Effective maintenance requires verification of cleanliness of coil and drain pans and adjustments to allow for thorough inspection. Adjustment of dampers and fans to ensure appropriate pressure differences across different sections of a building are another item to add to your seasonal or annual duties. Finally, some specialized situations may benefit from application of deactivation strategies such as ultraviolet light. Verify the efficacy and safety of such technologies for each application using the design services offered by the manufacturer, as there are few industry wide standards for their use.

If you are offering both diagnostic testing and equipment solutions based on those tests, clients will expect a “before and after” test to validate the performance of your solution. This can be problematic in that there are so many possible daily variations and site conditions that will affect results. Be careful to set proper expectations. For example, a particle counter can be very effective in showing the percentage reduction in particles across the new filter you installed.

However, you may not be able to effectively demonstrate a reduction in particle counts in their office or bedroom since ambient levels of particles are highly dependent on occupant activities and outdoor air concentrations that can change by an order of magnitude in a matter of hours. Therefore, tell your clients how you will be demonstrating success before you install the equipment.

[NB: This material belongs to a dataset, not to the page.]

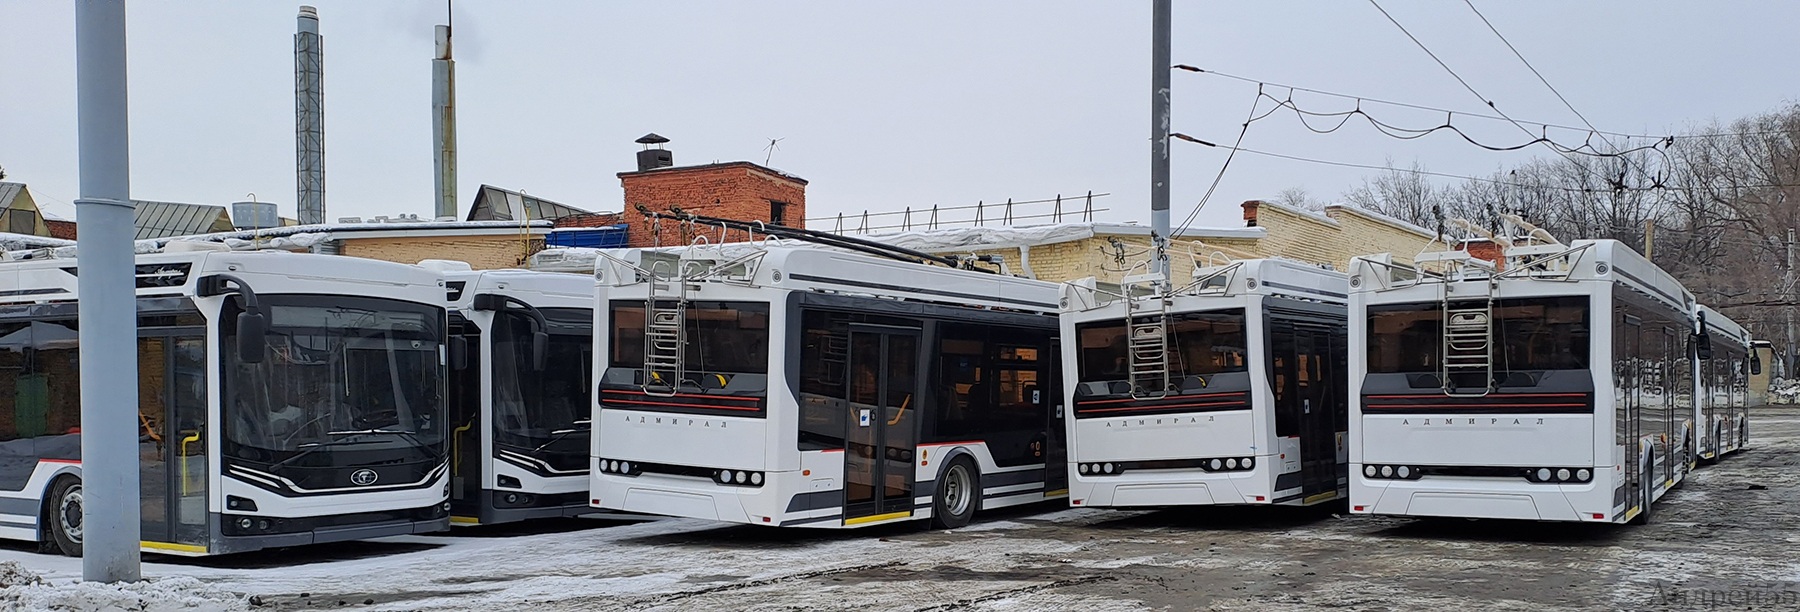 Омск — Троллейбусы без номеров

Indoor environmental quality will be top of mind for at least the next three to four years as both homeowners and business owners re-evaluate the best opportunity for safe spaces for work, schooling, relaxation and rest. All professional HVAC contractors should enhance their level of knowledge and the services and products they offer. It provides great opportunities, but more importantly, provides clients with effective and efficient solutions.

 

Equipment and service offering checklist

  • Air handlers with ECM fan motors
  • Bathroom fans, range hoods
  • ERVs – ECM motors
  • Humidity control – humidifiers, dehumidifiers
  • Make-up air
  • Filtration – MERV 8 to 13, HEPA
  • Sealed duct work
  • IAQ monitors and controls
  • Commissioning
  • Planned maintenance to include coil and drain pan inspection, pressure control
  • Radon testing and control

 

Tools you will need

From my experience, if you are offering diagnostic services, your client’s expectations will lead you to needing at least the following testing equipment or capabilities:

  • Thermometer (both a probe type for inserting into ducts and a surface sensor)
  • Hygrometer for humidity measurement and material moisture meter
  • Gas leak detection
  • Carbon monoxide measurement
  • Carbon dioxide (ideally a device you could leave for logging over time)
  • Volatile Organic Compound (VOC) meter/logger
  • Particle counter/logger to measure particulate down to at least 2.5 Microns
  • Manometer to measure pressures in cavities and spaces
  • Air velocity and volume measurement devices to confirm ventilation rates
  • Radon monitors (or access to a facility that tests for radon)
  • Access to a material testing laboratory to send samples of dust, mould, etc. for analysis

Be sure you have appropriate calibration certificates for each piece of equipment. An investment of approximately $7,000 to $8,000 can be expected, with the particle counter being the single largest investment. These industry tools are a great complement to the primary value your eyes and nose, and your experience bring to clients. Use the industry tools to confirm and demonstrate your diagnosis to your client.